A Liquid Concentrate Alternative
Finally, we added a kind of ringer to the tasting, a bottled cold-brewed liquid concentrate coffee sold on the West Coast, the Victorian House Mocca Java (85). Like soluble coffees, this product is an “instant” – just add hot water. Liquid concentrate coffees have made some headway in the food service industry (the Douwe Egberts concentrate for example). Victorian House, owing to its cold-brewed method, produces a cup that is particularly delicate, sweet and caramelly, with a smoothly viscous mouthfeel and a tendency to fruit notes. Some consumers love this rendition of coffee; others find it far too delicate and weak-kneed. It also is quite expensive per serving.

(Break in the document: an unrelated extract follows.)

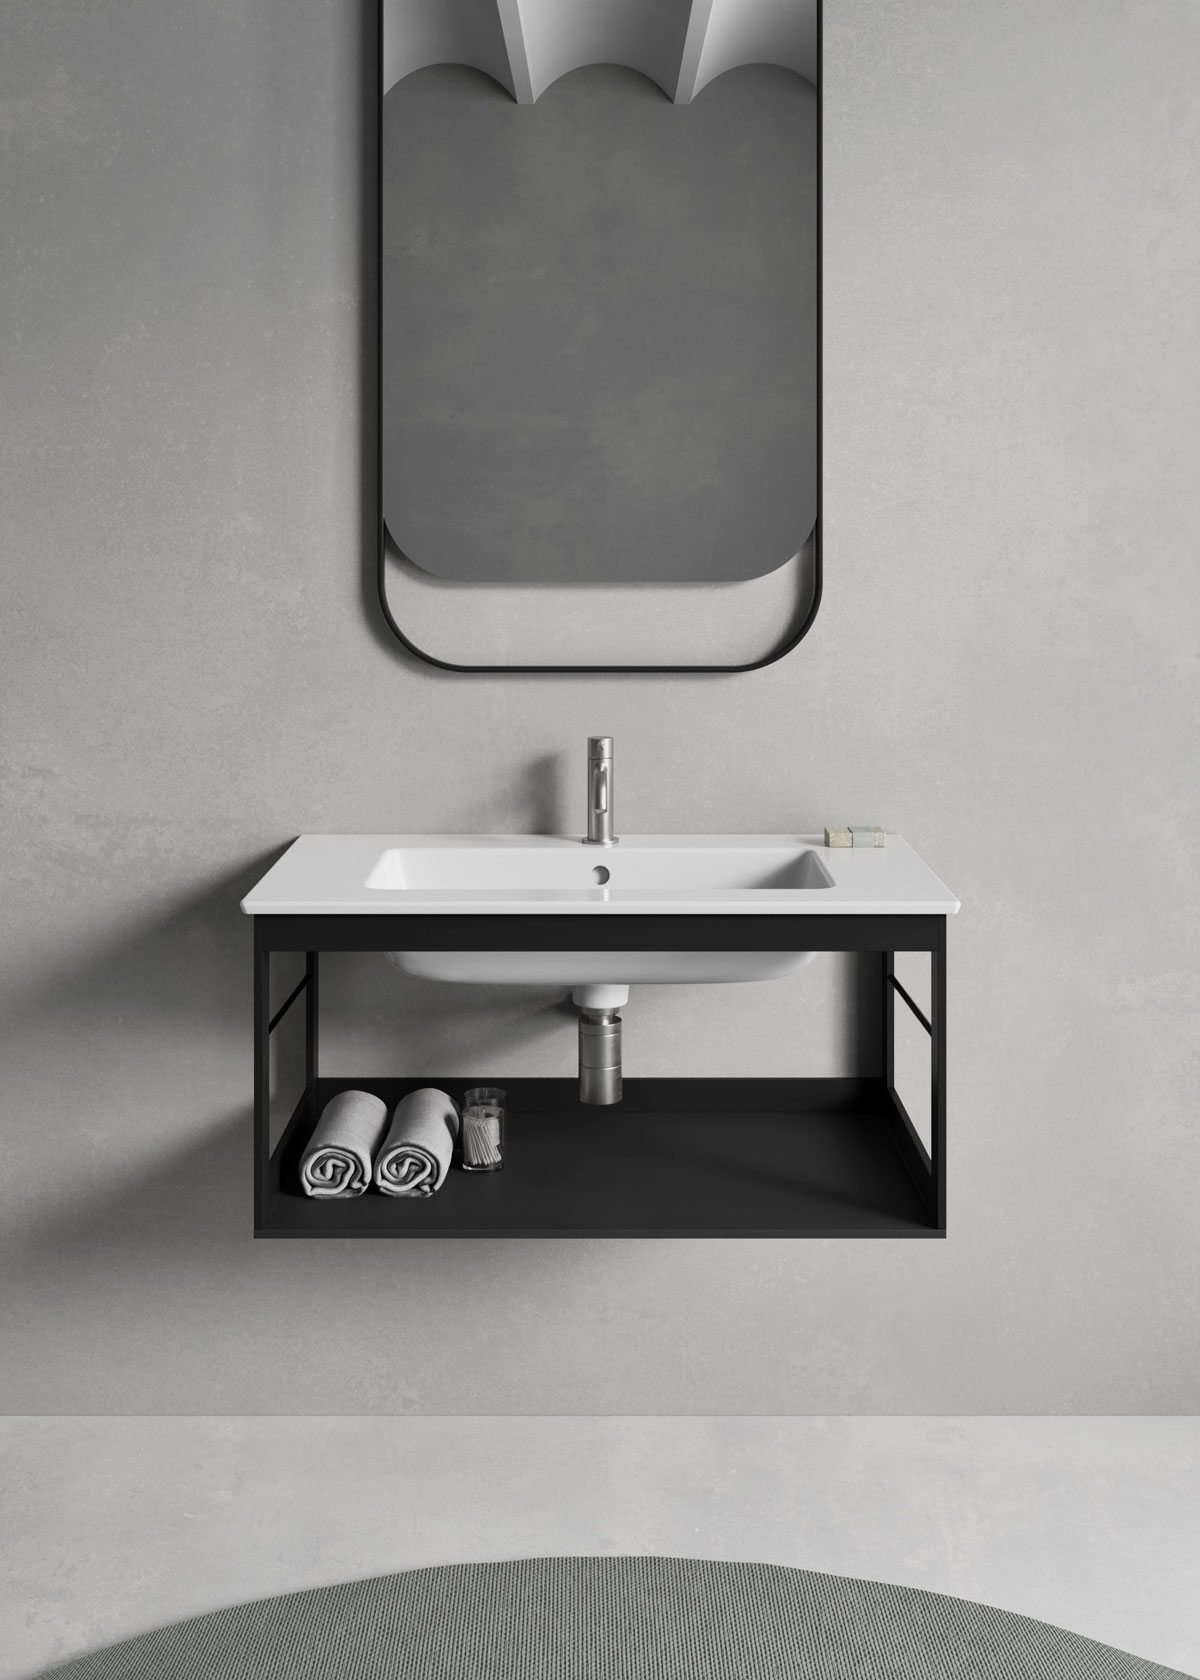 GSI® ceramica Official website - Sanitary ware and bathroom furniture ...

Computing Costs for Instants
Presumably, one of the appeals of instant coffee, in addition to convenience, is price. And on a pure price basis most instants are standouts. Instants not packaged in single-serve envelopes like Starbucks’ VIA typically recommend one “rounded” teaspoon per 6-ounce cup. In computing our price-per-serving listed in the notes sections of this month’s reviews, we figured 3 grams of instant to about 7 to 8 ounces of water. Three grams by volume is roughly a (very) heaping teaspoon. We used approximately the same strength of solution for our reviews, though modifying it for a smaller cup size: 2.5 grams of soluble powder to 5 ounces of water.

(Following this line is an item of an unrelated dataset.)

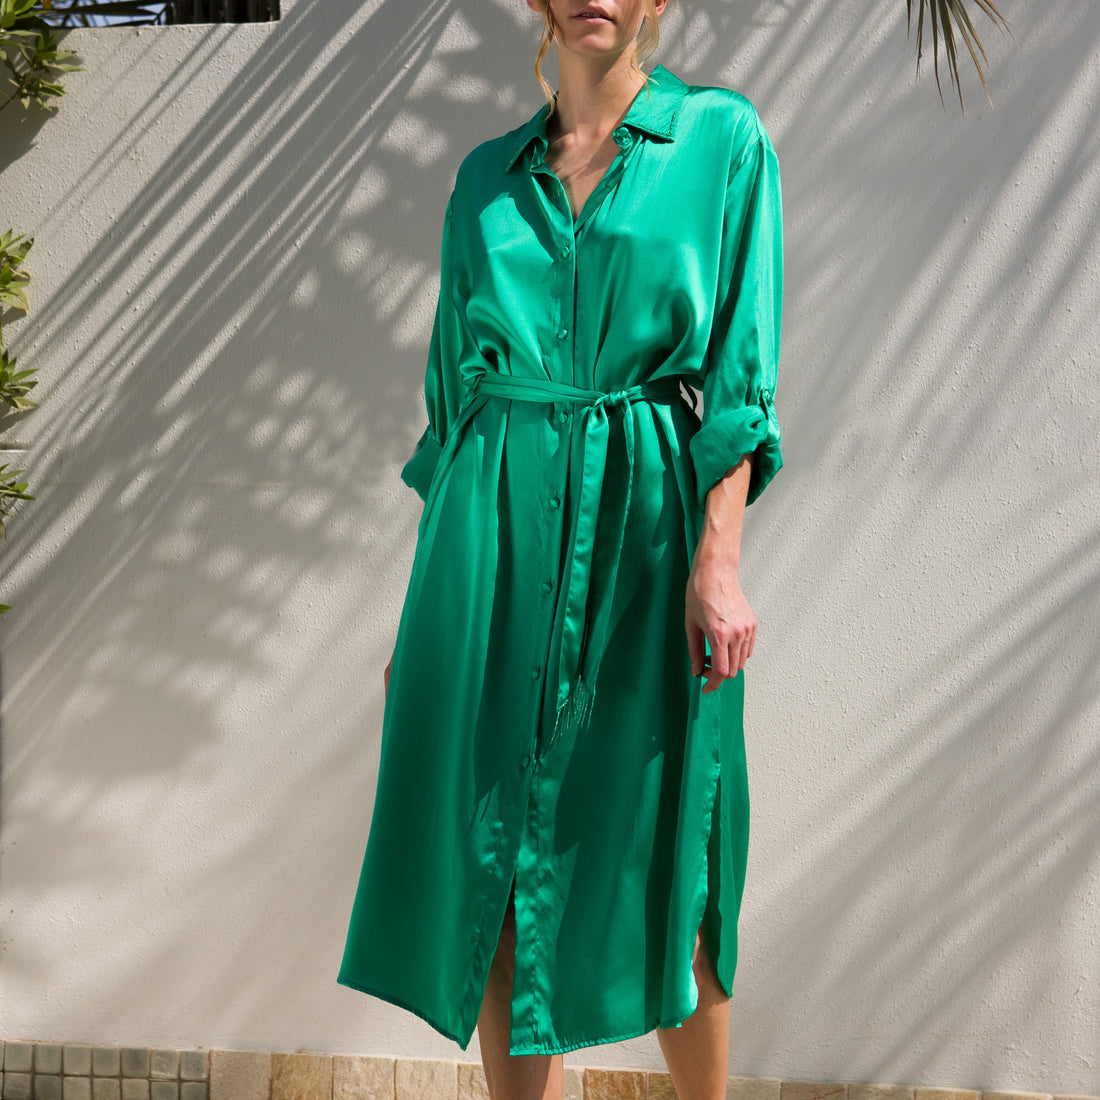 Graceful one-size silk gown with a comfortable, relaxed fit

Much Too Cheap vs. Considerably More Expensive
Our analysis of cost per serving dramatized two points. First, ordinary supermarket instant brands are very cheap: 9 to 15 cents or so per serving. Second, they probably are too cheap. The fact they taste so bad is likely driven by a need to contain costs by squeezing every last bit of soluble material out of the roast and ground coffee, including some pretty ugly stuff that ought to get composted with the coffee grounds rather than dried and put into a jar for human consumption. Ordinary brewing takes about 20% solubles out of the coffee, mostly the good stuff. Instant coffee production takes out considerably more; if I understand my technical references correctly instant production extracts 30% or 40% solubles. And the processes necessary to get the additional 10% to 20% solids out of the coffee do not sound pretty, and can’t have a particularly benign influence on flavor.
But all of that is theoretical assuming. We prefer to taste and report, and on that basis most instants in the North American market today are, for whatever reasons, barely drinkable to terrible. You do get what you pay for here, however; the decent-tasting, top-rated Nescafé Taster’s Choice 100% Colombian cost around 30 cents per serving, as opposed to an average of about 12 cents per serving for competing instants.
Except, of course, for the Starbucks, which costs an amazing one dollar per serving, or eight to ten times as much as most competing products, and three times as much as the top-rated Nescafe Taster’s Choice 100% Colombian. I am not complaining about the price. I only wish the Starbucks VIA instants justified that price in the cup. For us they flat out did not.